Question

a motorboat whose speed is 18 kilometre per hour in still water takes 1 hour more to go 24 km upstream then a return downstream to the same spot find the speed of the stream​

Answer 1

${\pmb{\underline{\sf{ Required \ Solution ... }}}}$

• Motor Boat's speed = 18 km/hr
• Distance = 24 km
• Boat takes 1 hr more to go upstream than downstream.

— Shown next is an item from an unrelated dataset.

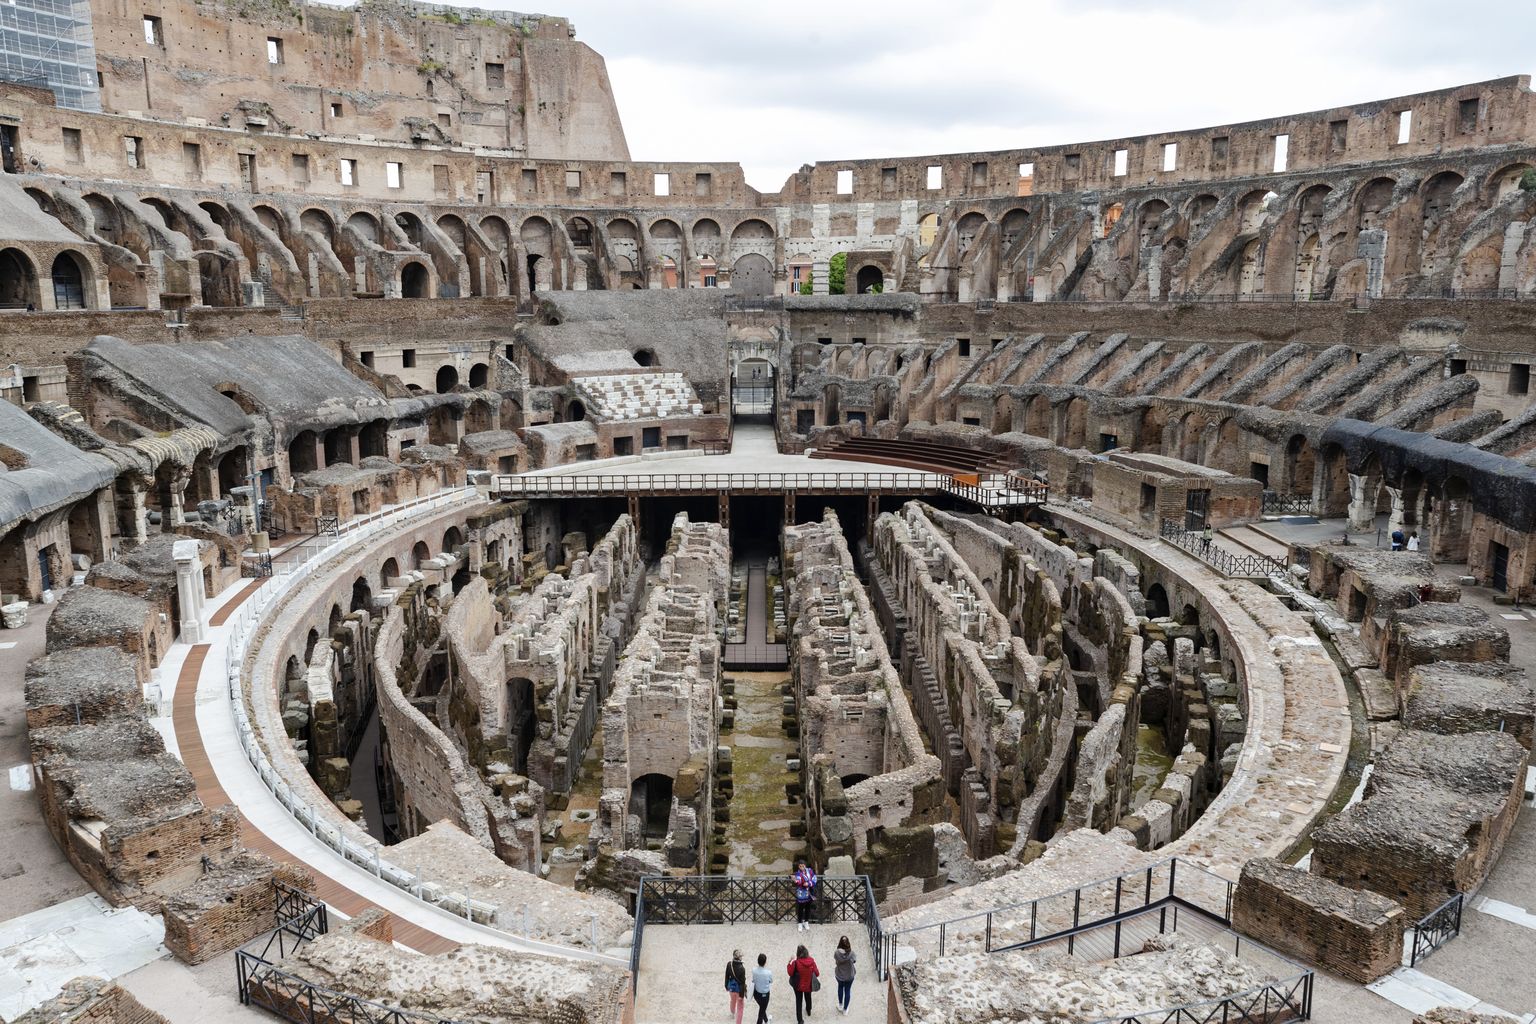 Rooma Colosseumi gladiaatorite areeni ala, näha on tunneleid, kus sajandeid tagasi olid enne etendusi gladiaatorid, relvad, loomad ja abilised

Let the Speed of the stream be x

• For Upstream = (18 - x) km/hr
• For Downstream = (18 + x) km/hr

As we know that:

$\colon\implies{\sf{ t_1{(Upstream)} = \dfrac{24}{18-x} \ hr}} \\ \\ \colon\implies{\sf{ t_2{(Downstream)} = \dfrac{24}{18+x} \ hr }}$

So, We have to subtract coz we've as:

$\circ \ {\underline{\pmb{\sf{ According \ to \ Question: }}}} \\ \\ \colon\implies{\sf{ \dfrac{24}{18-x} - \dfrac{24}{18+x} = 1 }} \\ \\ \colon\implies{\sf{ \dfrac{24(18+x)-24(18-x)}{(18-x)(18+x)} = 1 }} \\ \\ \colon\implies{\sf{ \dfrac{432+24x-432+24x}{(18)^2-x^2} = 1}} \\ \\ \colon\implies{\sf{ \dfrac{48x}{324-x^2} = 1 }} \\ \\ \colon\implies{\sf{ 48x = 324 - x^2 }} \\ \\ \colon\implies{\sf{ x^2+48x - 324 = 0 }}$

Now, We have to apply Quadratic Equation to get the desired value of the Variable as:-

$\circ {\pmb{\underline{\boxed{\sf\gray{ x = \dfrac{ -b \pm \sqrt{b^2 - 4ac} }{2a } }}}}} \\ \\ \colon\implies{\sf{ x = \dfrac{ -48 \pm \sqrt{(-48)^2 - 4 \times 1 \times (-324)} }{2 \times 1 } }} \\ \\ \colon\implies{\sf{ x = \dfrac{ -48 \pm \sqrt{2304+1296} }{2} }} \\ \\ \colon\implies{\sf{ x = \dfrac{ -48 \pm \sqrt{3600} }{2} }} \\ \\ \colon\implies{\sf{ x = \dfrac{ -48 \pm 60 }{2} }} \\ \\ \colon\implies{\sf{ x = \dfrac{ - 48 + 60}{2} \ and \ \dfrac{-48-60}{2} }} \\ \\ \colon\implies{\sf{ x = \cancel{ \dfrac{12}{2} } \ and \ \cancel{ \dfrac{-108}{2} } }} \\ \\ \colon\implies{\underline{\boxed{\sf{ x = 6 \ and \ -54 }}}}$

The Speed can't be Negative (—ve).

Hence,

${\pmb{\underline{\sf{ The \ Speed \ of \ the \ Stream \ is \ 6 \ km/hr. }}}}$ $\bigstar$

Answer 2

Let the speed of the stream be x km\hr.

The speed of the boat upstream = (18 - x) km/hr

The speed of the boat downstream = (18 + x) km/hr

Distance = 24 km

As given in the question,

Time for upstream = 1 + Time for downstream

24/(18 - x) = 1 + 24/(18 + x)

24/(18 - x) - 24/(18 + x) = 1

x2 + 48x - 324 = 0

(x + 54)(x - 6) = 0

x ≠ - 54 as speed cannot be negative.

x = 6

The speed of the stream = 6 km/hr